(Provided material)
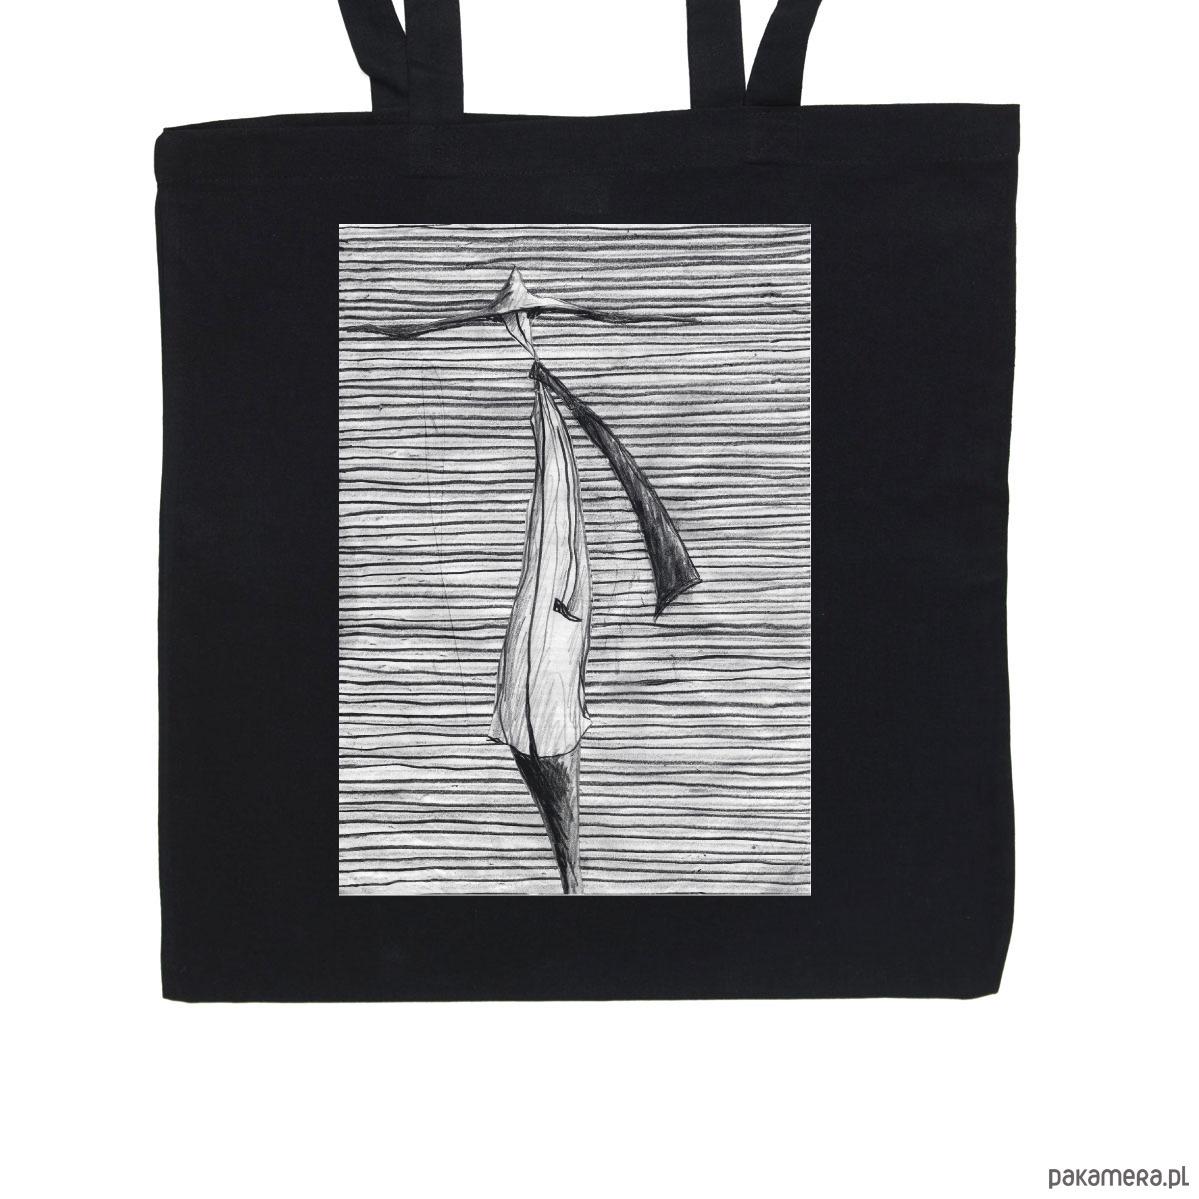 02da59983a652 Prążki - torba bawełniana czarna - torby na zakupy - unisex - Pakamera.pl
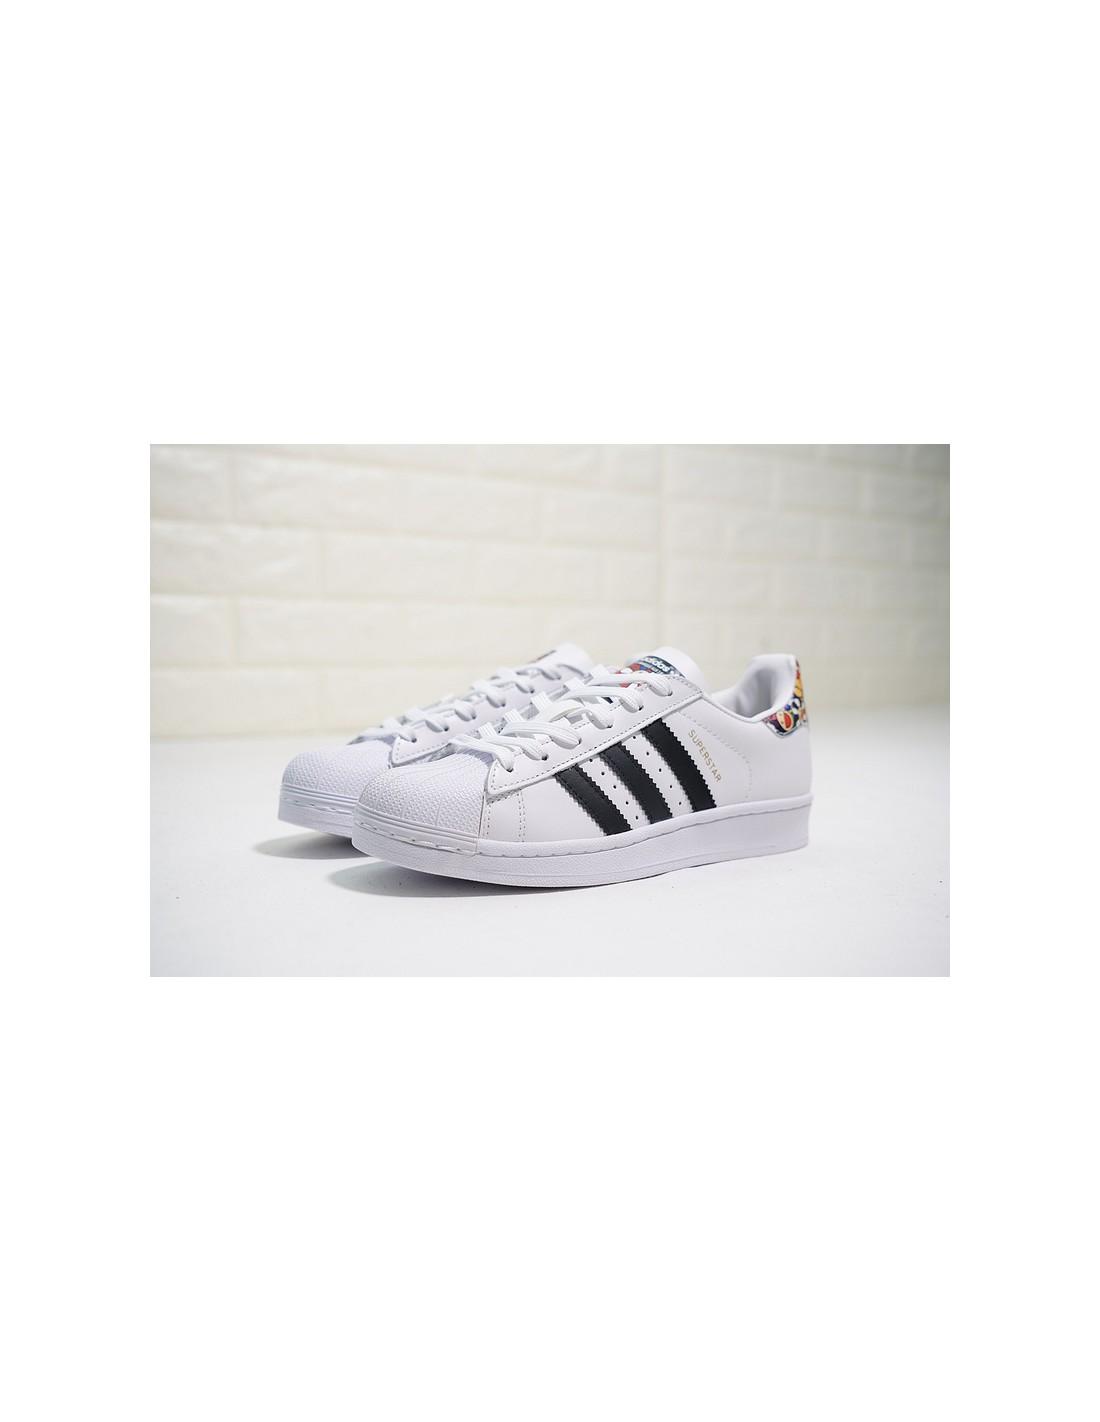 d606f7b68fc5 Adidas Superstar II x Takashi Murakami Women s Shoe Shoe Size EU 36 ...
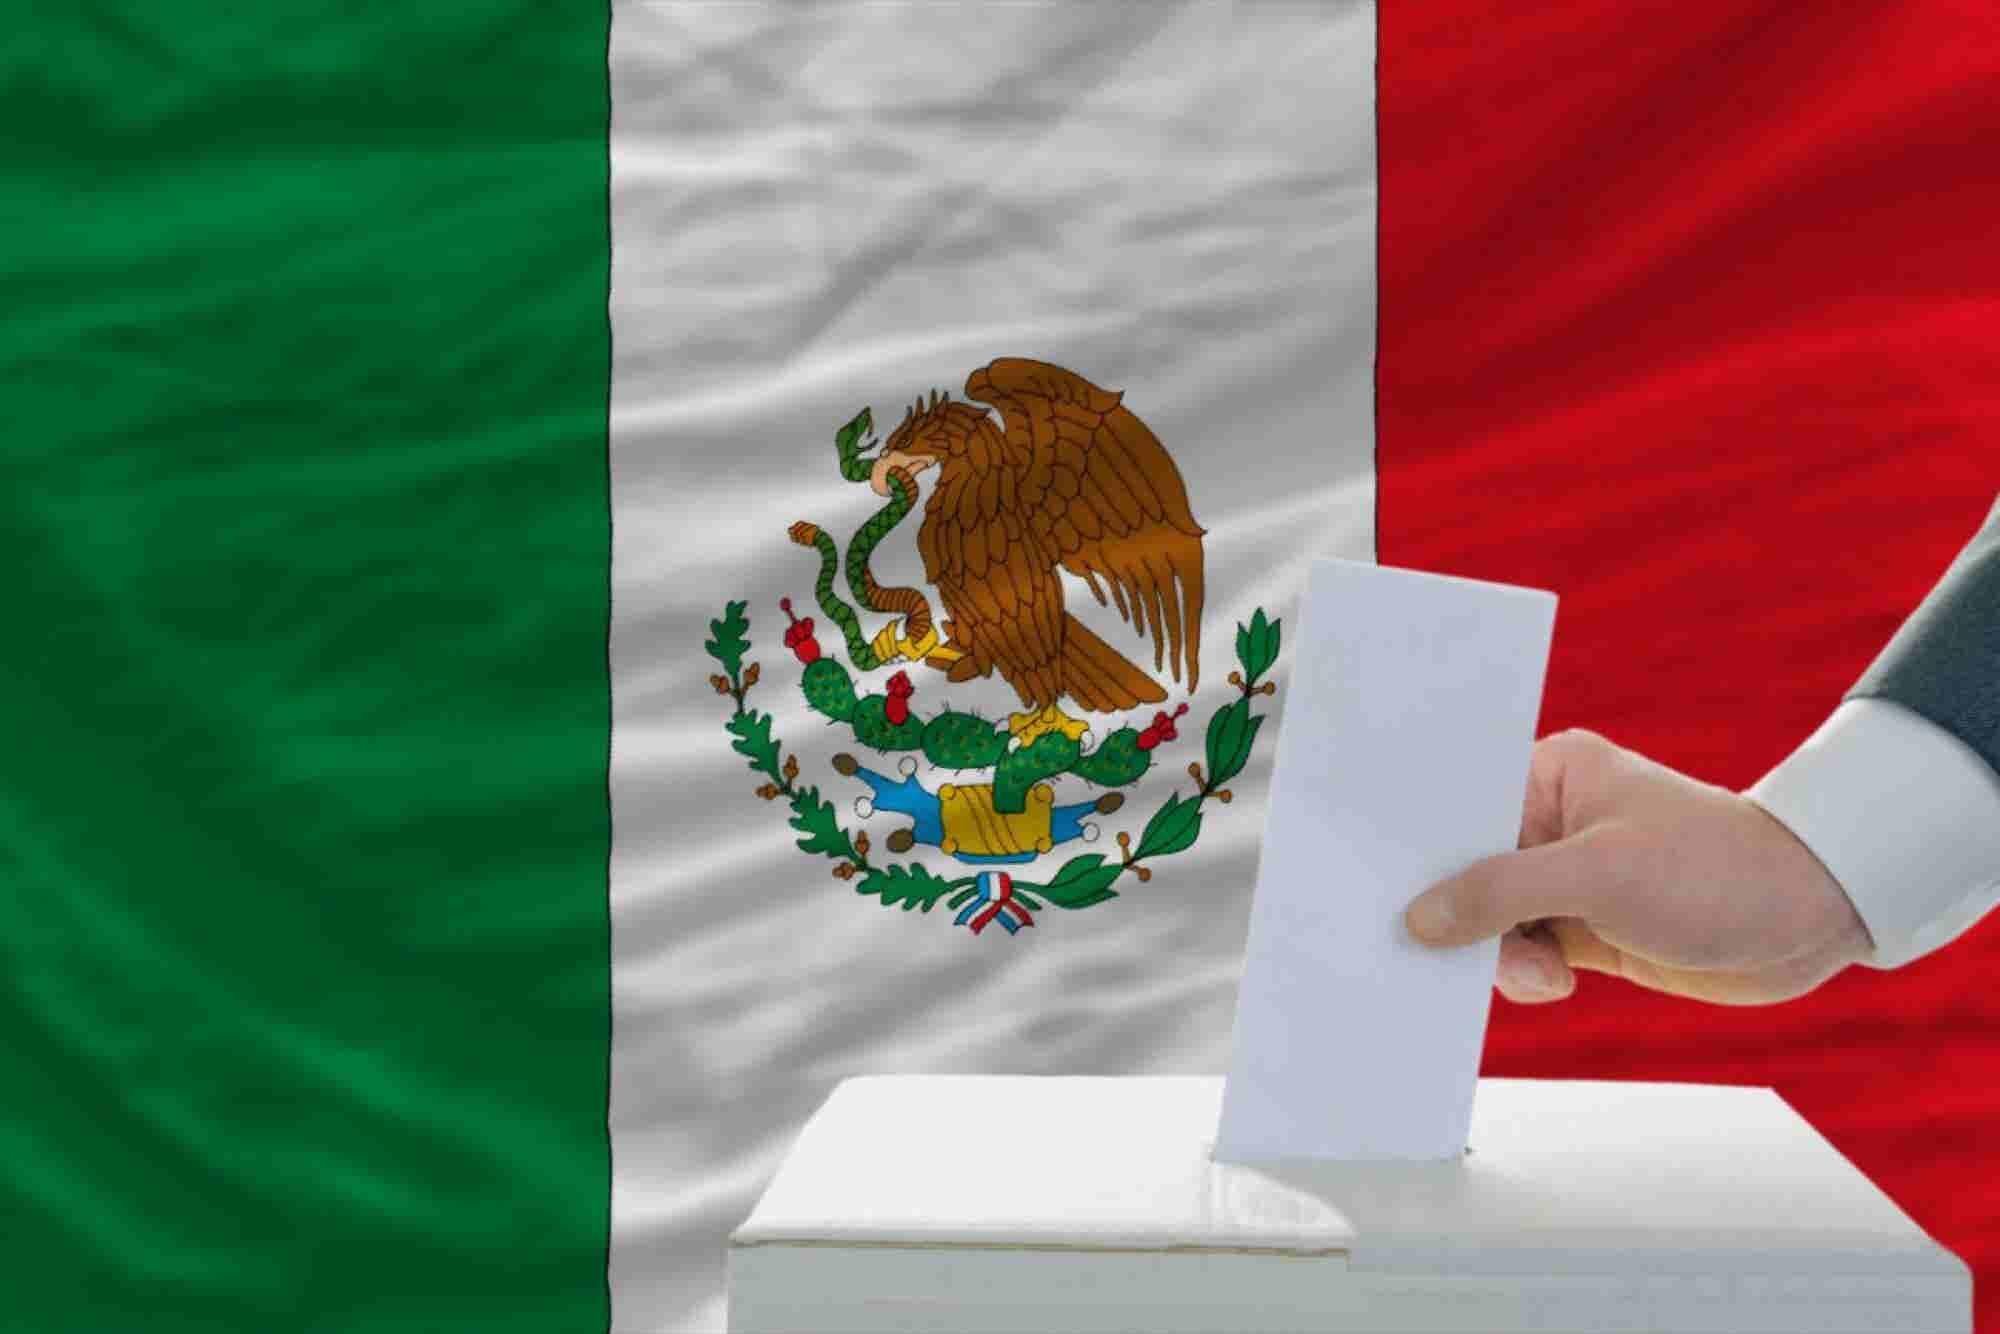 ¿Cómo funcionan las casillas especiales en estas elecciones?
(End Provided material)
**Task item:**
None of the pictures belong in the copy; repeat all other material exactly.

**Task result:**
 02da59983a652 Prążki - torba bawełniana czarna - torby na zakupy - unisex - Pakamera.pl
 d606f7b68fc5 Adidas Superstar II x Takashi Murakami Women s Shoe Shoe Size EU 36 ...
 ¿Cómo funcionan las casillas especiales en estas elecciones?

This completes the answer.